We can’t wait for the gunfire to stop, because it doesn’t. Maybe we could have the conversation while the next active shooter is reloading.
Now it is Stephen Paddock in Las Vegas who kills more than twice as many as Lanza did, this time from the Mandalay Bay Resort and Casino, with enough weaponry in his hotel room to invade California. This Paddock reminds you of Jimmy Breslin’s description of Lee Harvey Oswald and his “scrambled egg brain” and the cheap rifle Oswald used to assassinate President John F. Kennedy. The difference, of course, between Oswald and Paddock is that the weaponry has become more expensive and sophisticated as our country has become this kind of killing field, at Sandy Hook Elementary and the Pulse nightclub in Orlando and Virginia Tech University and now an outdoor concert in Las Vegas where 59 are assassinated and more than 500 are injured.

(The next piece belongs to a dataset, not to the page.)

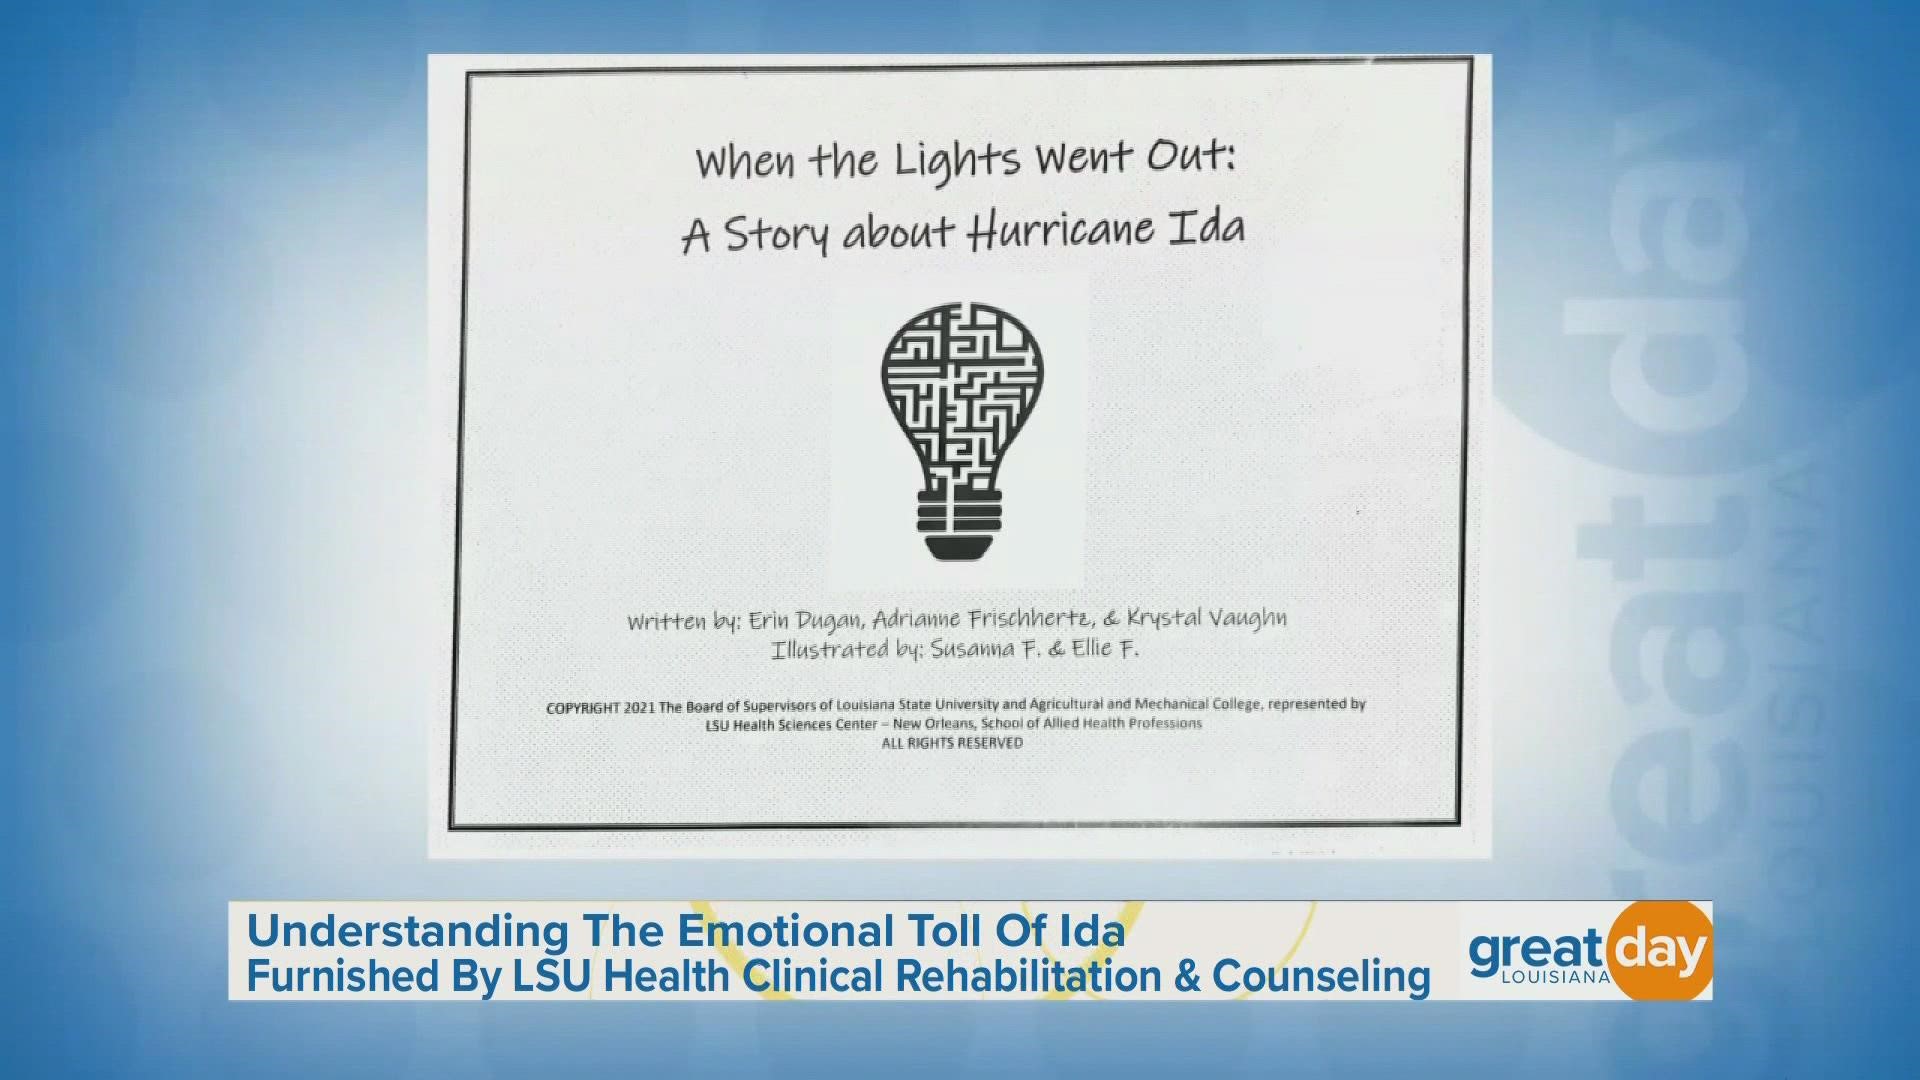 A play therapist shared details about a new book which is designed to help kids who may have anxiety after Hurricane Ida.

And what we are once again supposed to believe, especially from members of Congress for whom any moment of silence at a terrible American moment like this is full of unintended irony and symbolism, that the answer is for them to do what they did after Sandy Hook and Virginia Tech and Orlando and all the others. It means hide under their desks.
They also hide now behind the fact that Paddock, who kept buying guns until he owned 40, passed all of his background checks with flying colors. And never seem to ask how stronger background checks might actually prevent the next mass shooting in America, or the one after that, now that we are better at this kind of shooting than we are at baseball.

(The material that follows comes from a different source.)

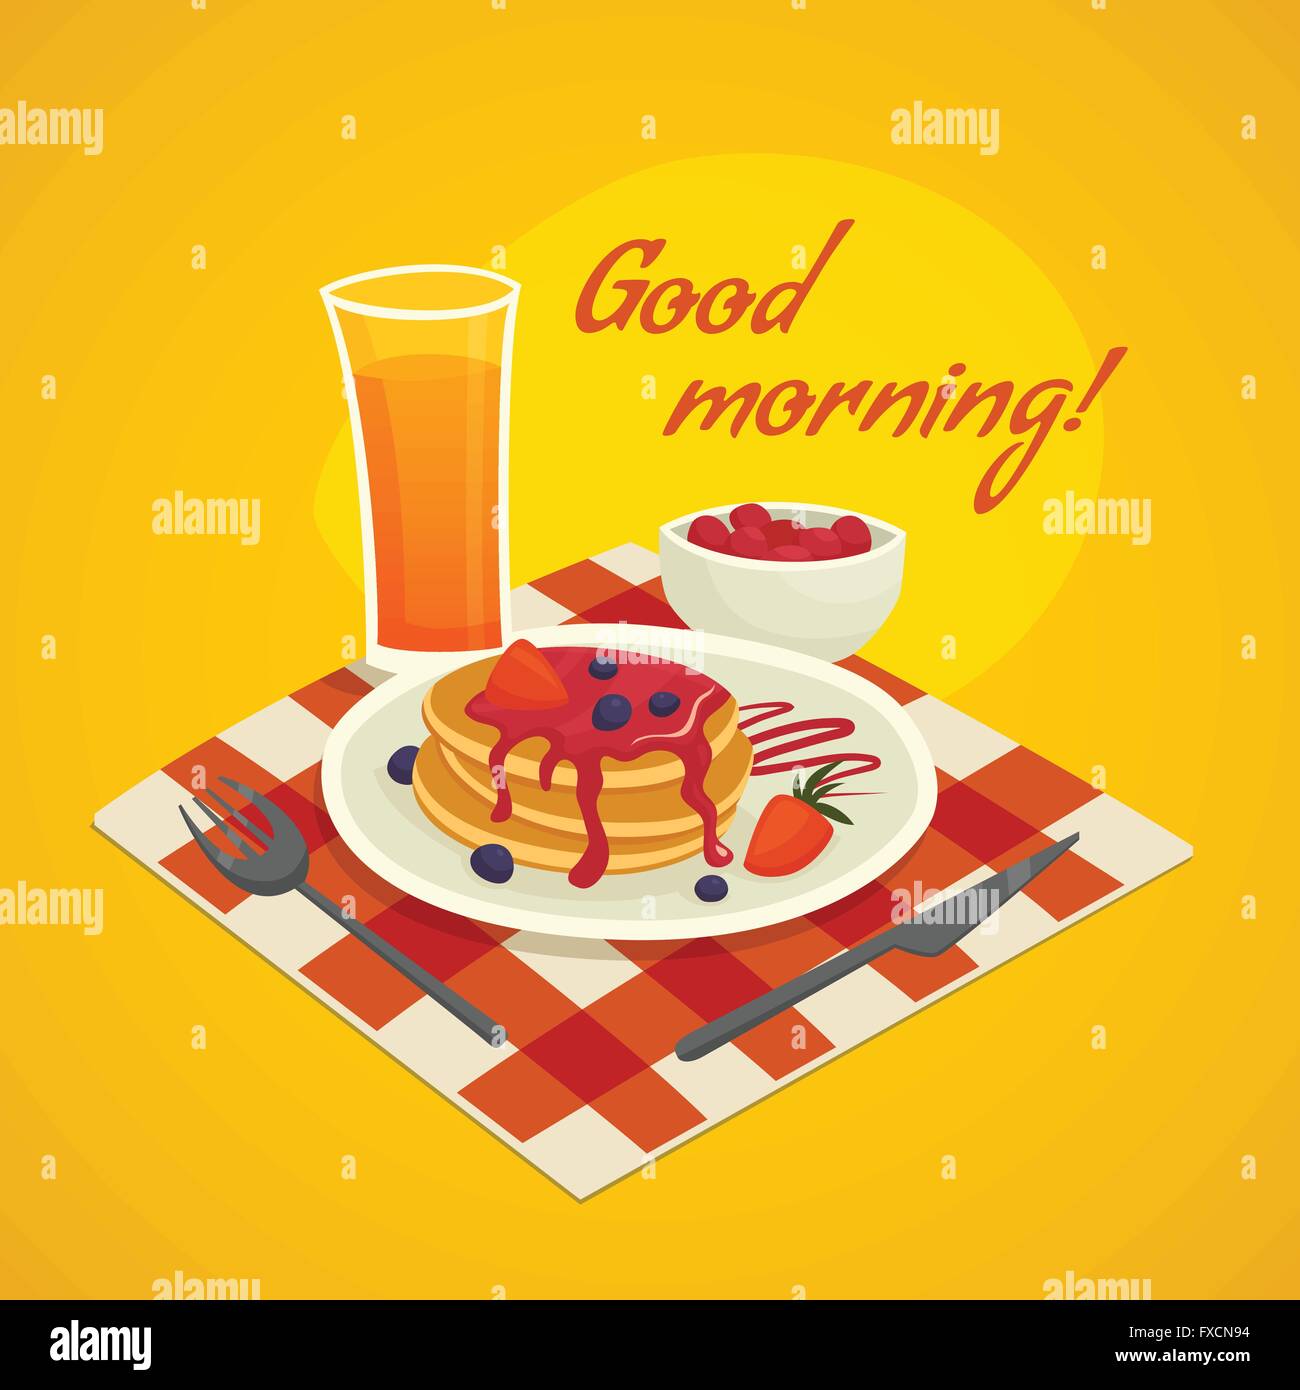 Breakfast Design Concept With Good Morning Wishing Stock Vector ...

We keep hearing that there is no law passed that can legislate against the madness of what Paddock did on Sunday night. But the real madness is thinking that this country’s laws and policies about guns are working. Take a look at the map powerfully produced at Vox.com, one that shows all the mass shootings since Sandy Hook, a map covered with blood. Look at their stats about how the United States has 4.4% of the world’s population and almost half the civilian-owned guns, and how we basically average one mass shooting per day. Clearly when the subject is guns, the scrambled egg brains here are our own.
Remembering the victims of the Las Vegas mass shooting
On Monday, astronaut Mark Kelly stood outside the Capitol Building in Washington next to his wife, former Rep. Gabrielle Giffords, who by the grace of God once survived a bullet fired into her head at a meet-and-greet in Tucson, Ariz.
“Your thoughts and prayers aren’t going to stop the next shooting,” Kelly said.
Then Kelly talked about all the gun-related deaths in America, including the suicides, and said that “the response from Congress has been to do nothing.”
It is a shameful crime of neglect, and cowardice. President Trump was praised for his somber tone when he spoke to the country on Monday about the mass shooting in Las Vegas. But what would his tone have been if it had been someone from radical Islam who had murdered all those innocent people? How loud would the reaction have been if it had been someone who had crossed the southern border illegally and then started shooting with some kind of modified automatic weapon from the Mandalay Bay?
“Does anybody think our gun laws are too strong?” Mark Kelly asked, standing next to the victim of gun violence to whom he is married.
Tell the families of the victims of Las Vegas that it’s not even worth talking about stronger background checks that might not have stopped Paddock, but might stop the next active shooter in America. Ask them why any automatic or semi-automatic weapon, any kind of long gun that can be turned into one, can still be legally owned by any civilian in this country, in what is supposed to be the most civilized country in the world.
Ask the families of the victims in Las Vegas if they think this is a good day to talk about guns.